Problem of palindrome with 6 digits

Question

Find an integer $n$ such that $n^2$ is a palindrome with 6 digits.

As the pattern of $n^2$ is $abccba$, $n^2$ is divisible by $11$ and $121$. But how to proceed?

Answer 1

The only number satisfying these conditions is $$836^2=698896$$ by a brute force search.

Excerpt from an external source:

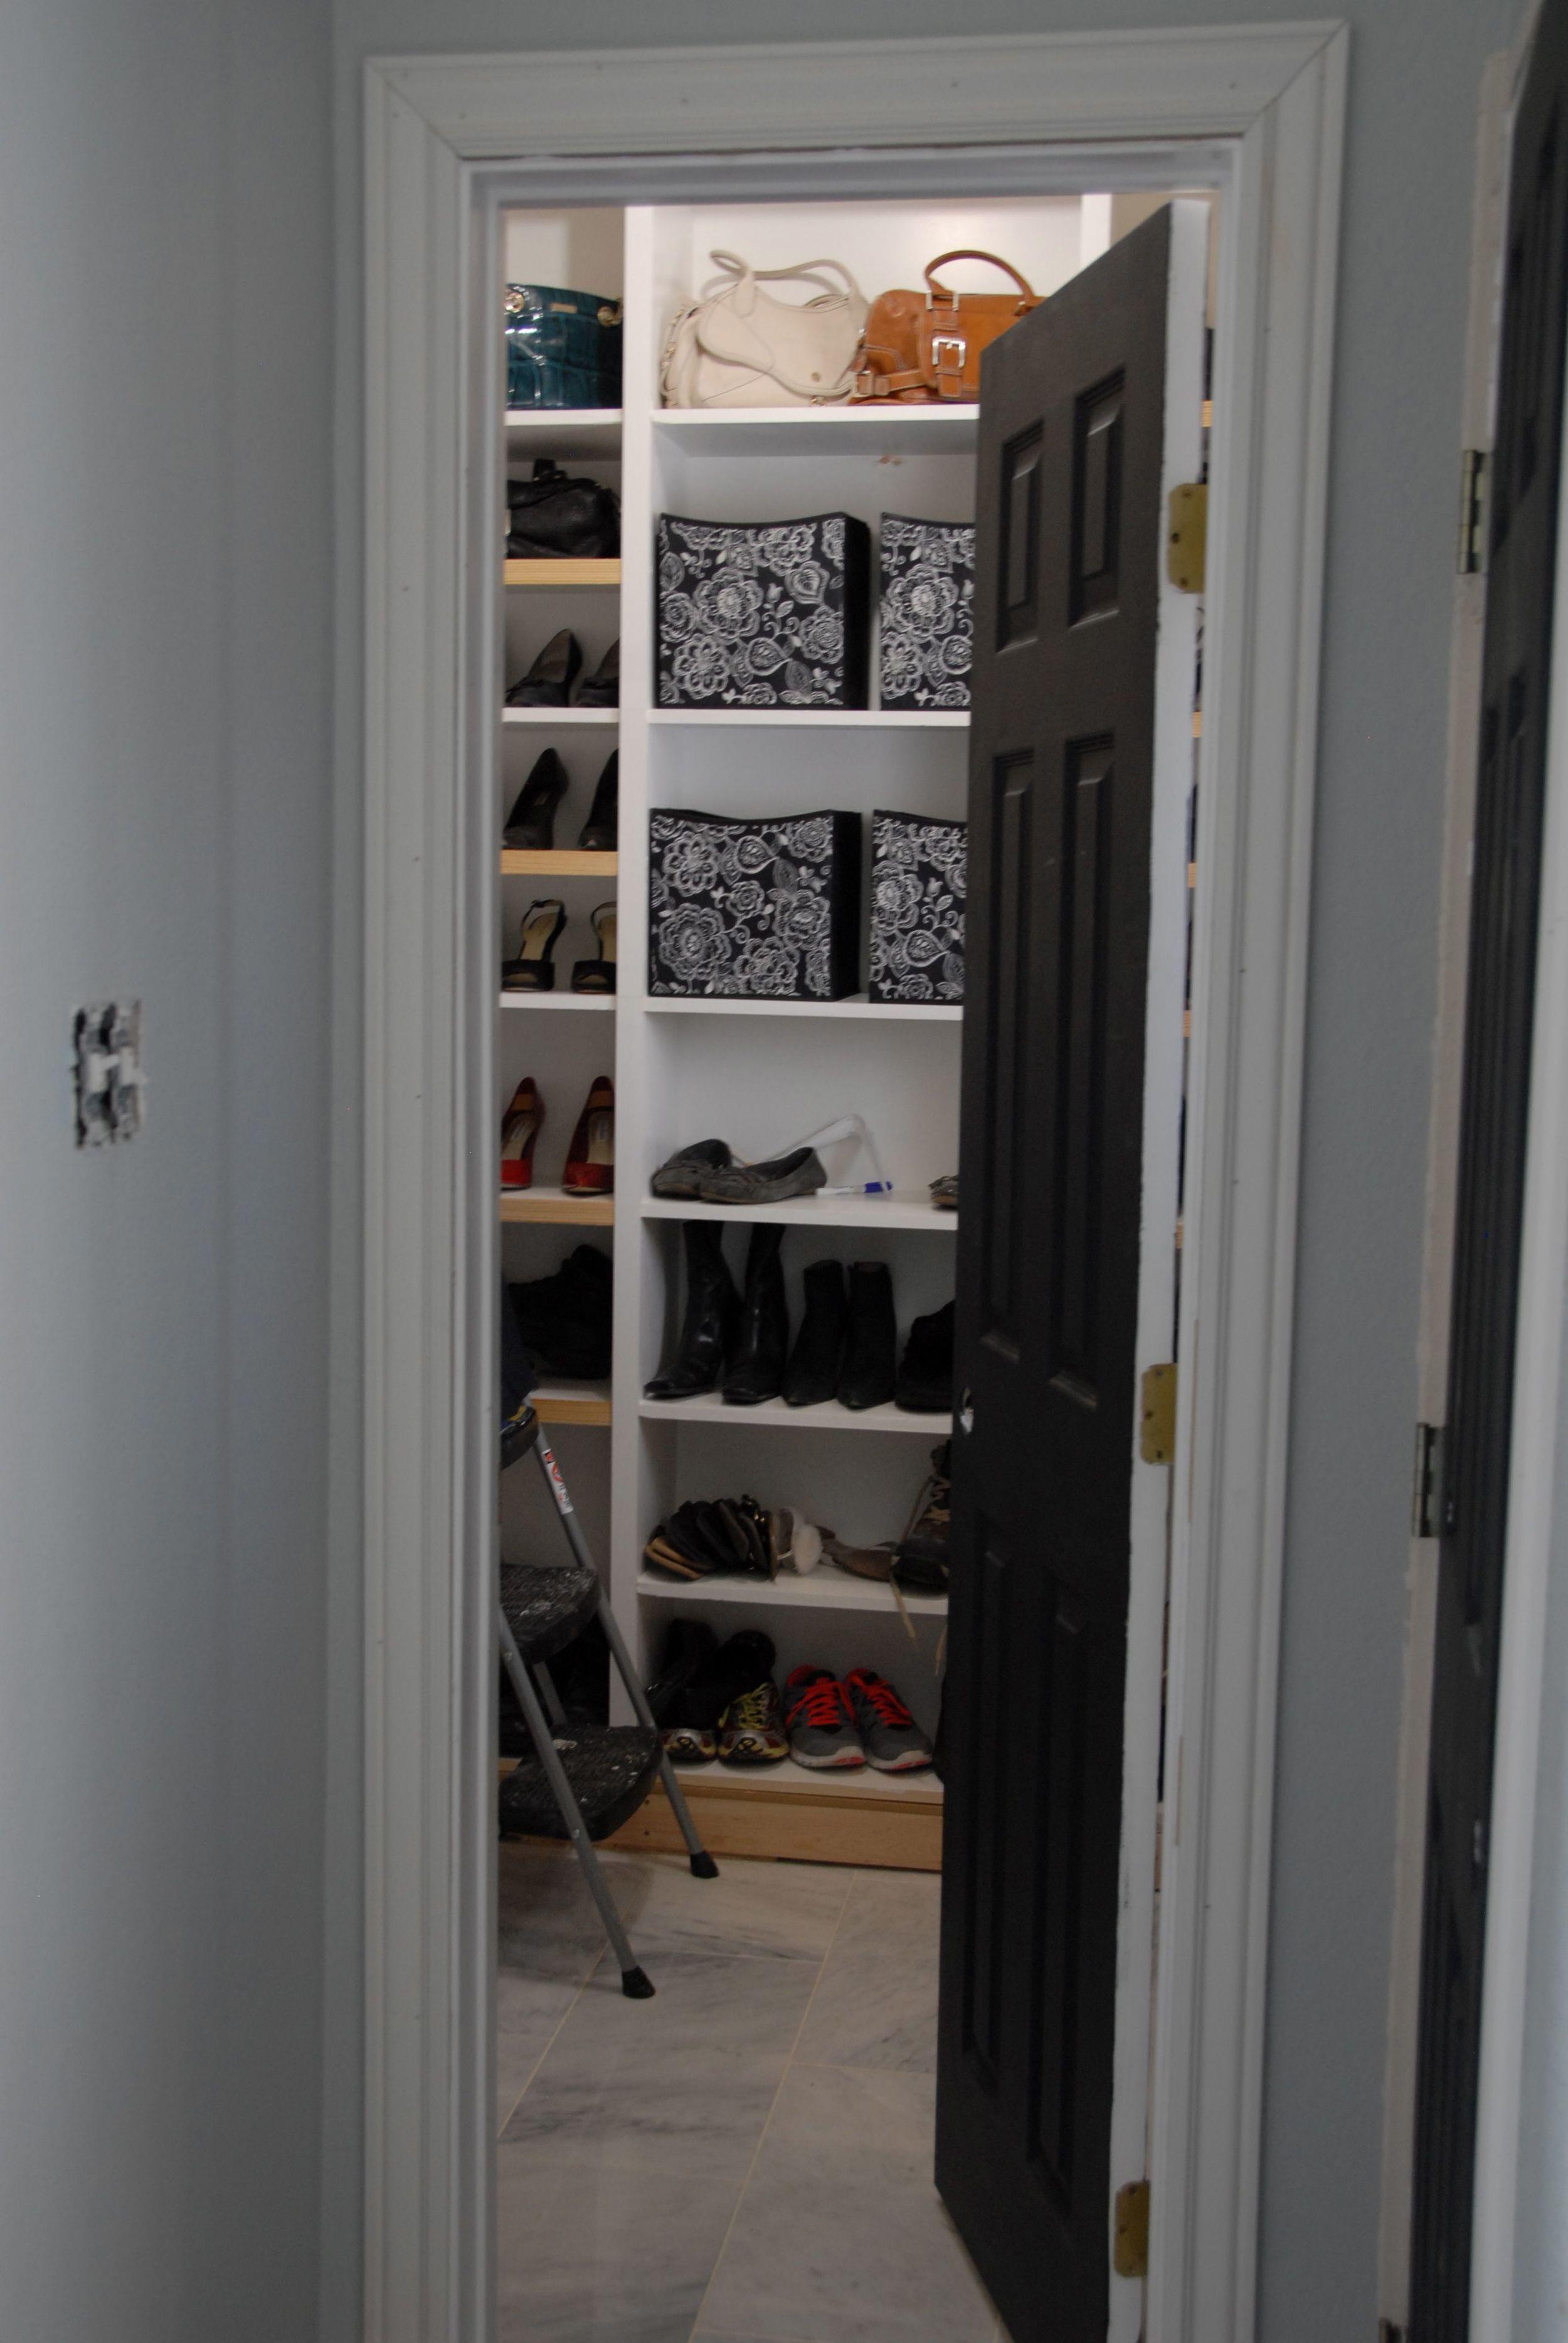 A Peek Inside My Newest Project - Custom Closet

To simplify the search we only need to consider numbers divisible by $11$ and within the range $$\sqrt{100000}\lt319\le n\le 990\lt\sqrt{1000000}$$

Answer 2

The first observation is that this problem is finite, in fact we have:

$$10^5<n^2<10^6 \Rightarrow 317 \leq n \leq 999$$

The second observation is that if we use this notation to indicate the decimal scripture of $n^2=\overline{abccba}$, then clearly:

$$a \in \{1,4,9,5,6\}$$

And as you noticed:

$$121|n^2\Rightarrow 11|n$$ Now we can study the $5$ cases:

I: $a=1$

So $n^2=\overline{1bccb1}$ and this implies that:

$$100000<n^2<200000 \Rightarrow 317\leq n \leq 447 $$

From these ones we have to take only the ones that terminate in $\{1,9\}$ and are $11$ multiples:

$$\{319,341,429\}$$

None of this is valid as it's easily verifiable.

II: $a=4$

So $n^2=\overline{4bccb4}$ and this implies that:

$$400000<n^2<500000 \Rightarrow 633\leq n \leq 707 $$

From these ones we have to take only the ones that terminate in $\{2,8\}$ and are $11$ multiples:

$$\{638,682\}$$

None of this is valid as it's easily verifiable.

III: $a=5$

So $n^2=\overline{5bccb5}$ and this implies that:

$$500000<n^2<600000 \Rightarrow 708\leq n \leq 774 $$

From these ones we have to take only the ones that terminate in $\{5\}$ and are $11$ multiples:

$$\{715\}$$

That is not valid!

IV: $a=6$

So $n^2=\overline{6bccb6}$ and this implies that:

$$600000<n^2<700000 \Rightarrow 775\leq n \leq 836 $$

From these ones we have to take only the ones that terminate in $\{6\}$ and are $11$ multiples:

$$\{836\}$$

This is a valid solution! Indeed $836^2=698896$

V: $a=9$

So $n^2=\overline{9bccb9}$ and this implies that:

$$900000<n^2<1000000 \Rightarrow 949\leq n \leq 999 $$

From these ones we have to take only the ones that terminate in $\{3\}$ and are $11$ multiples:

$$ \varnothing$$

So the only solution is $n=836$ . Notice that we reduced the problem to only $7$ possible cases.

:)

Answer 3

Here is a OCaml program that return all number $n$ such that $n^2$ is palindrome in order:

type 'a stream = Eos | StrCons of 'a*(unit -> 'a stream) 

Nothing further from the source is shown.